Guy Fawkes Night (also known as Bonfire Night or Fireworks Night) is a traditional celebration held in Britain shortly after Halloween, on November 5. It commemorates the foiling of the Gunpowder Plot, an early 17th century plot to blow up the Houses of Parliament and assassinate King James I.
Guy Fawkes was not the leader of the Gunpowder Plot but he was the first of the conspirators to be arrested, on November 5, 1605. He was eventually executed, along with the other conspirators.
King James told his subjects to celebrate the failure of the plot against his life by lighting the autumn bonfires, which they had always had on Halloween on November 5 instead. Guy Fawkes Night continues to be celebrated in Britain with bonfires, on which dummies representing Guy Fawkes (called "guys") are often burnt. Before the guys are burnt it is traditional for children to display them on the street and ask passersby for money by calling out, "A penny for the guy". Public and private fireworks displays are an important part of the festival.
Guy Fawkes Night is still celebrated in some Commonwealth countries, such as New Zealand, some Caribbean nations, and some regions of Canada and South Africa. It is not widely celebrated in the United States, although its celebration has recently been introduced to a few schools and communities. It was, however, a holiday in colonial America and continued to be celebrated in New York and Boston into the 19th century.

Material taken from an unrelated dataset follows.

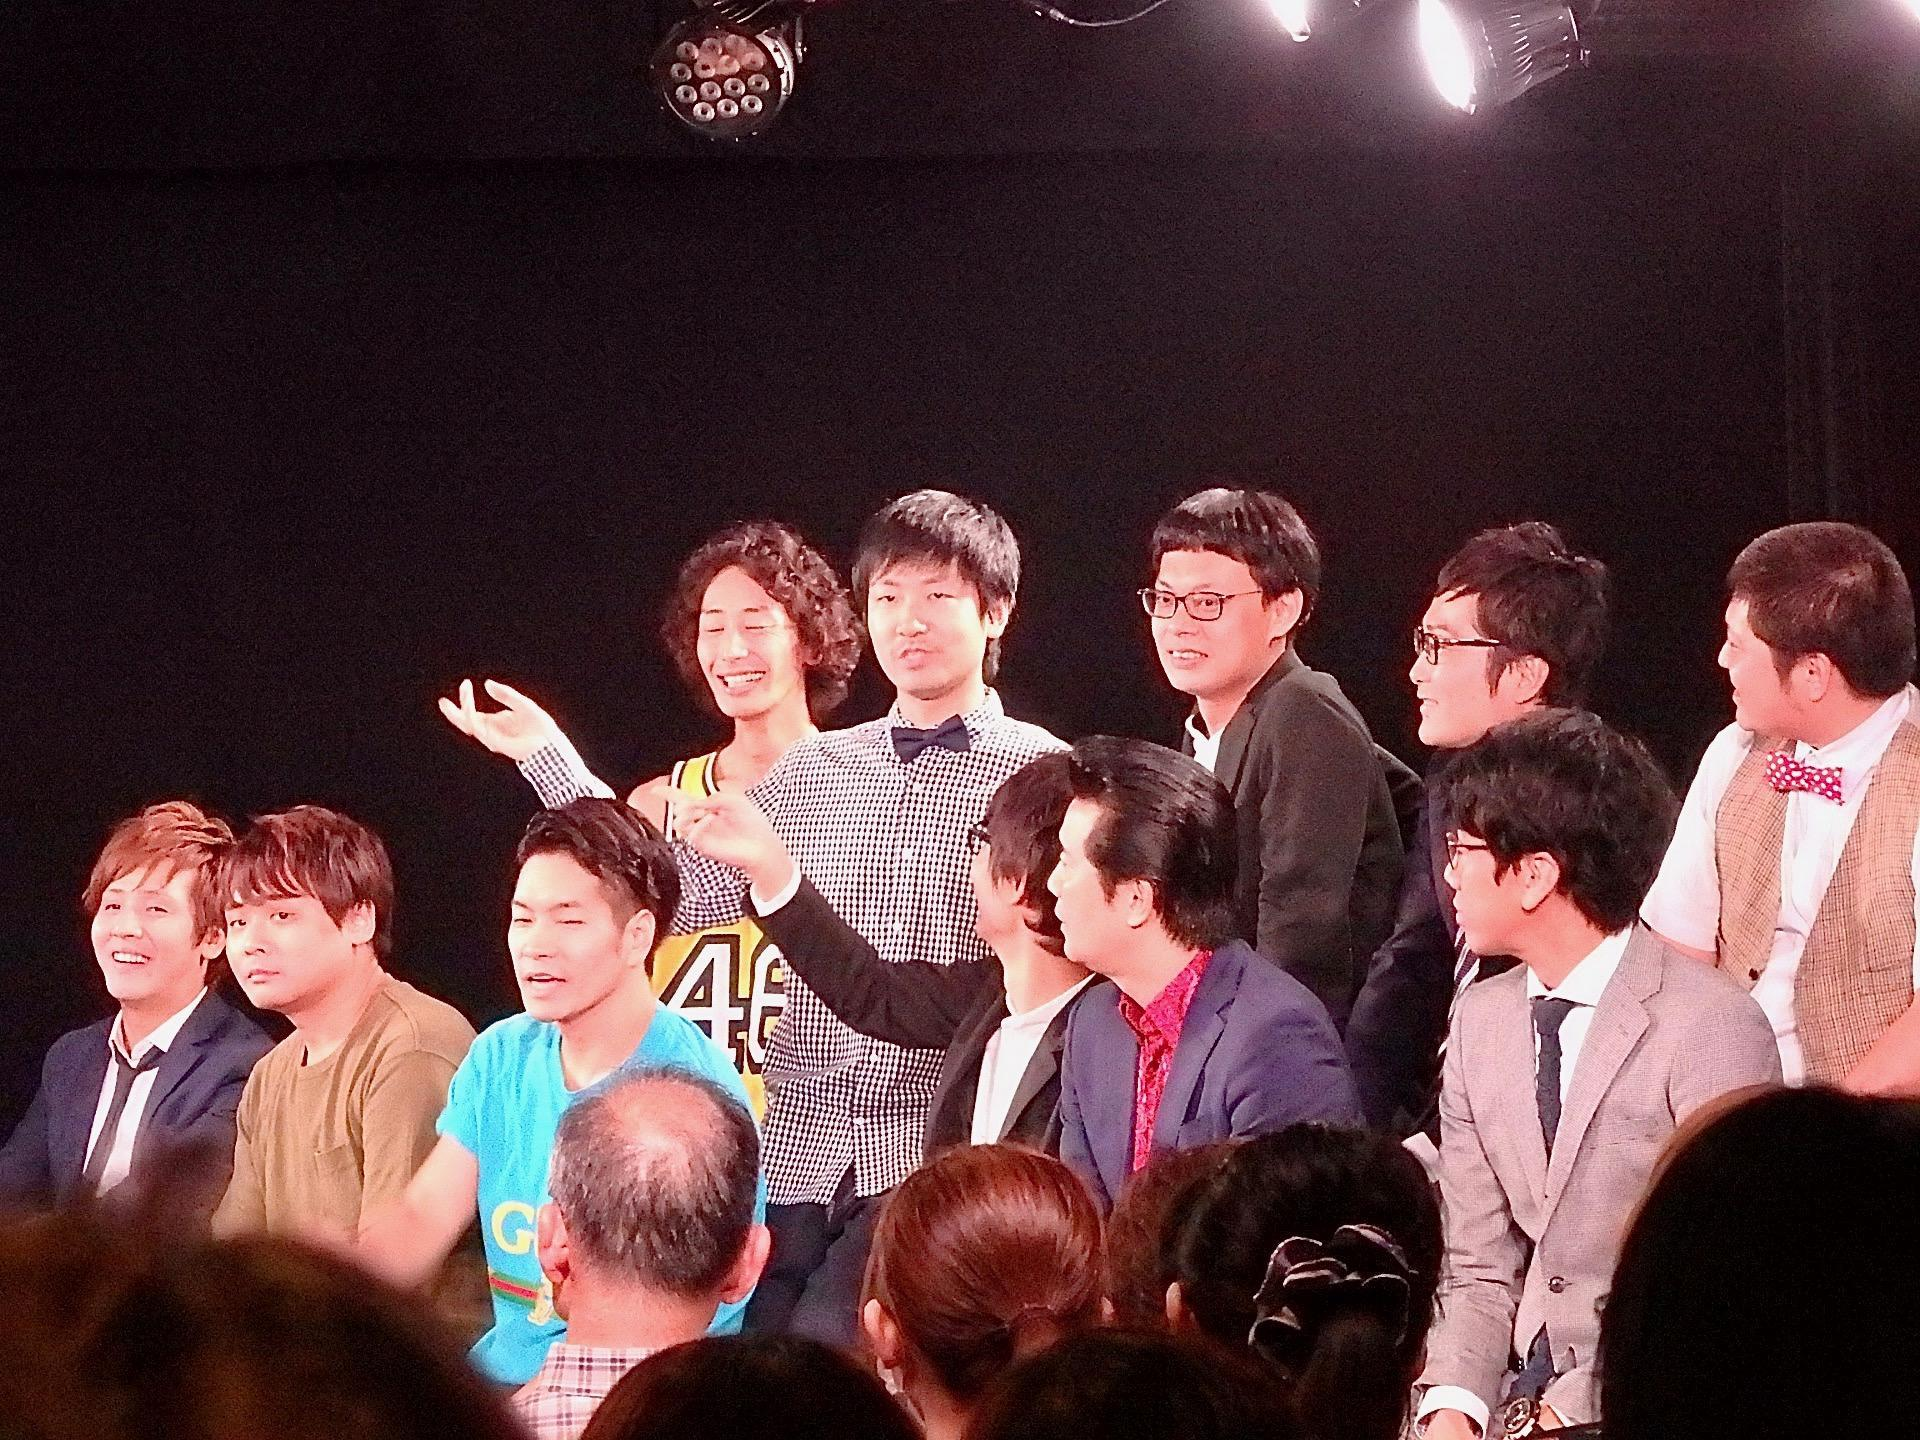 http://news.yoshimoto.co.jp/20171016142918-de938d00caaf3f860c9c28481a2e57f51c456db0.jpg

The fact that Guy Fawkes Night takes place less than a week after Halloween means that it is not uncommon to find parties in Britain in late October or early November that celebrate both events. Such parties may feature costumes, jack-o-lanterns, pumpkin-based foods, apple bobbing and ghost stories in addition to fireworks and a bonfire with a guy.
Guy Fawkes Night is not celebrated in the Republic of Ireland. However, bonfires and fireworks are an integral part of Halloween celebrations in that country.
In many parts of northern England, the night before Guy Fawkes Night is considered to be Mischief Night, a night when older children and teenagers traditionally play pranks on their neighbors. The same tradition is observed on the night before Halloween in some parts of the United States and Canada.